Fig. 1 is a flowchart of a target recognition model training method according to an embodiment of the present disclosure;
FIG. 2 is a schematic diagram of a target recognition model training process according to an embodiment of the present disclosure;
fig. 3 is a flowchart of a target identification method according to an embodiment of the present application;
fig. 4 is a block diagram illustrating a structure of a target recognition model training apparatus according to an embodiment of the present disclosure;
fig. 5 is a schematic structural diagram of an electronic device according to an embodiment of the present application.
Detailed Description
The technical solutions of the present application will be described clearly and completely with reference to the following embodiments, and it should be understood that the described embodiments are some, but not all embodiments of the present application.
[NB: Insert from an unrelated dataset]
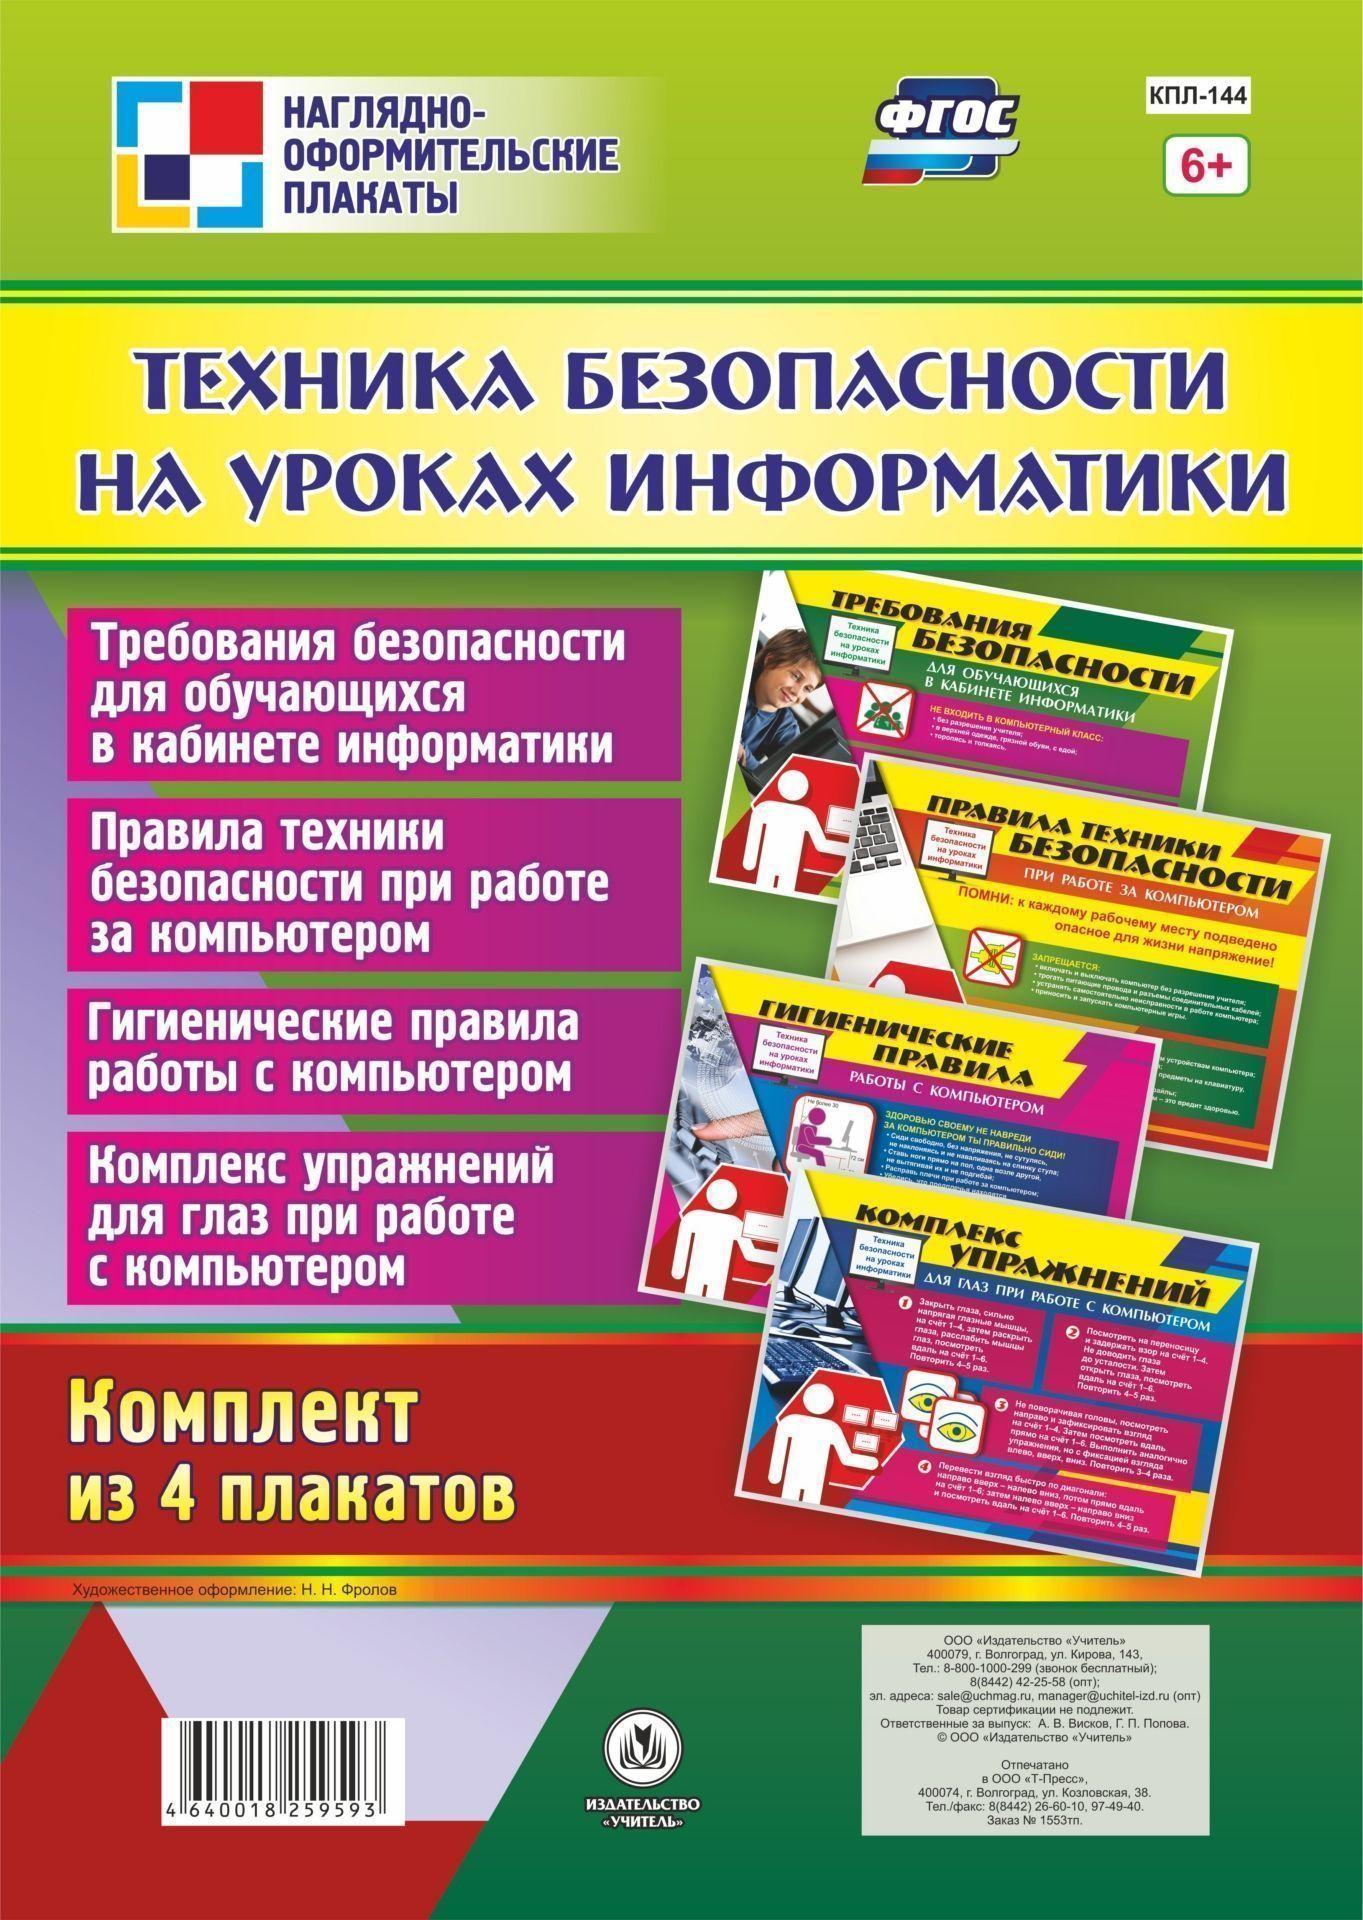 Комплект плакатов Техника безопасности на уроках информатикиТематические плакаты<br>.<br><br>Год: 2018<br>Серия: Наглядно-оформительские плакаты<br>Высота: 297<br>Ширина: 420<br>Толщина: 2

All other embodiments, which can be derived by a person skilled in the art from the embodiments given herein without making any creative effort, shall fall within the protection scope of the present application.
The current image classification tasks are mainly divided into traditional image classification tasks and fine-grained image classification tasks. In the traditional image classification task, no matter how large the proportion of an important judgment area in an image in the whole image is, only the characteristics of the whole image are extracted at one glance, and then classification is carried out; in fine-grained image classification, the discriminable area in an image to be classified is usually only a small area in the image, so that an area of an object of interest is usually obtained first, and then the object is subjected to fine classification in a plurality of classes with small differences.
And the classification of fine-grained images is divided into strong supervised learning and weak supervised learning. The strong supervised learning needs to add more additional labeling frames to the network for the strong supervised learning, so that the network can learn the position information of the target, which is similar to a target detection task. In the weak supervised learning, the network discriminates the position of a region through unsupervised learning, and then particularly pays Attention to the feature difference of the region to identify the category of a target.
In an image recognition scene which only needs to recognize whether a certain target exists in an image and does not need to recognize detailed information such as the type, the position and the like of the target, if a traditional image classification task is adopted for model training, the characteristics of a key small target are easily ignored, and the recognition capability of a model is poor; if the fine-grained classification task is used for model training, the training process and the obtained model are too complex, and the recognition efficiency is influenced.
Based on this, the embodiment of the application provides a method and a device for training a target recognition model, and an electronic device, wherein a feature loss function value can be calculated through feature extraction of a fitted image, and a reverse gradient propagation training is performed on an initial image classification model through the feature loss function value and a cross entropy loss function value, so that the target recognition model capable of recognizing whether an image carries a target or not can be trained, and the recognition accuracy and the recall rate of the target recognition model are improved.
For the convenience of understanding the present embodiment, a method for training a target recognition model disclosed in the embodiments of the present application will be described in detail first.
Fig. 1 is a flowchart of a target recognition model training method according to an embodiment of the present disclosure, where the method is applied to an electronic device, and an initial image classification model is prestored in the electronic device; the initial image classification model may be implemented in various ways, and is not limited in any way. The target may be a gun, a knife, or other articles, the target recognition model trained by the target recognition model training method provided in this embodiment may quickly determine whether a certain image includes or carries a target, and the target recognition model training method specifically includes the following steps:
and step S11, acquiring a training sample set and a fitting image set.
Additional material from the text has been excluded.